DCAgent/b1_top8

TEXT GENERATIONConcurrency Cost:1Model Size:8BQuant:FP8Ctx Length:32kPublished:Apr 7, 2026License:otherArchitecture:Transformer Cold

DCAgent/b1_top8 is an 8 billion parameter language model fine-tuned from Qwen/Qwen3-8B. This model is specifically fine-tuned on the DCAgent/b1_top8 dataset, indicating a specialization for tasks related to its training data. It leverages a 32,768 token context length, making it suitable for processing extensive inputs and generating detailed responses.

Loading preview...

Overview

DCAgent/b1_top8 is an 8 billion parameter language model, fine-tuned from the base Qwen/Qwen3-8B architecture.
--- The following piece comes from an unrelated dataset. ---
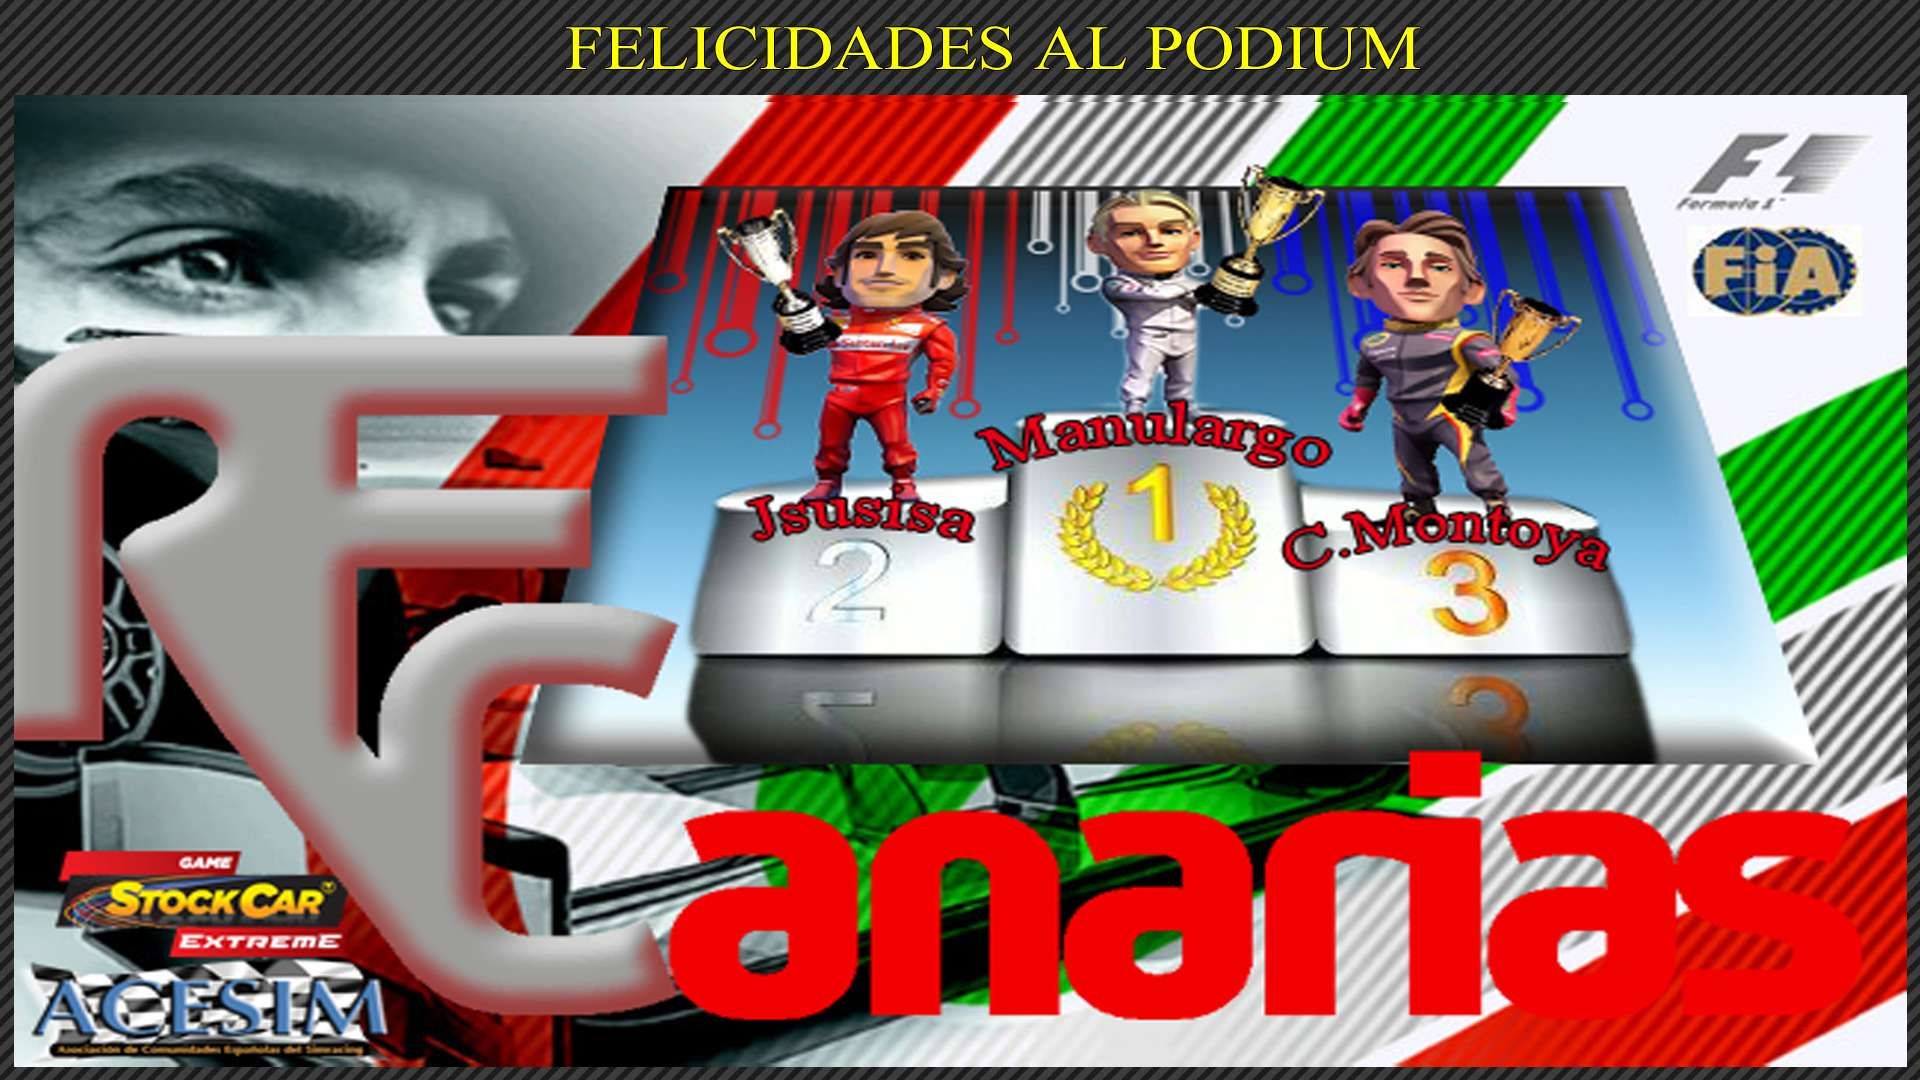 PRRESENTACION GP F1-2015 MONACO Podium27

This model has been specifically trained on the /e/scratch/jureap59/raoof1/sft_data/hf_hub/datasets--DCAgent--b1_top8/snapshots/0261a53fb1e70a7ba1767f28710756d33ed1048e_thinking_preprocessed dataset. The fine-tuning process involved a learning rate of 4e-05, a total training batch size of 16 across 16 GPUs, and 7 epochs, utilizing an AdamW optimizer with a cosine learning rate scheduler.

Key Characteristics

  • Base Model: Qwen3-8B
  • Parameter Count: 8 billion
  • Context Length: 32,768 tokens
  • Training Data: Fine-tuned on a specific dataset (DCAgent/b1_top8_thinking_preprocessed), suggesting specialized capabilities related to this data.

Training Details

The model was trained using:

  • Learning Rate: 4e-05
  • Optimizer: AdamW_TORCH_FUSED
  • LR Scheduler: Cosine with 0.1 warmup ratio
  • Epochs: 7.0
  • Frameworks: Transformers 4.57.6, Pytorch 2.9.1+cu130, Datasets 4.7.0, Tokenizers 0.22.2.

Potential Use Cases

Given its fine-tuning on a specific dataset, this model is likely best suited for tasks that align with the characteristics and domain of the DCAgent/b1_top8_thinking_preprocessed data. Developers should evaluate its performance on tasks requiring deep understanding or generation within that specialized domain.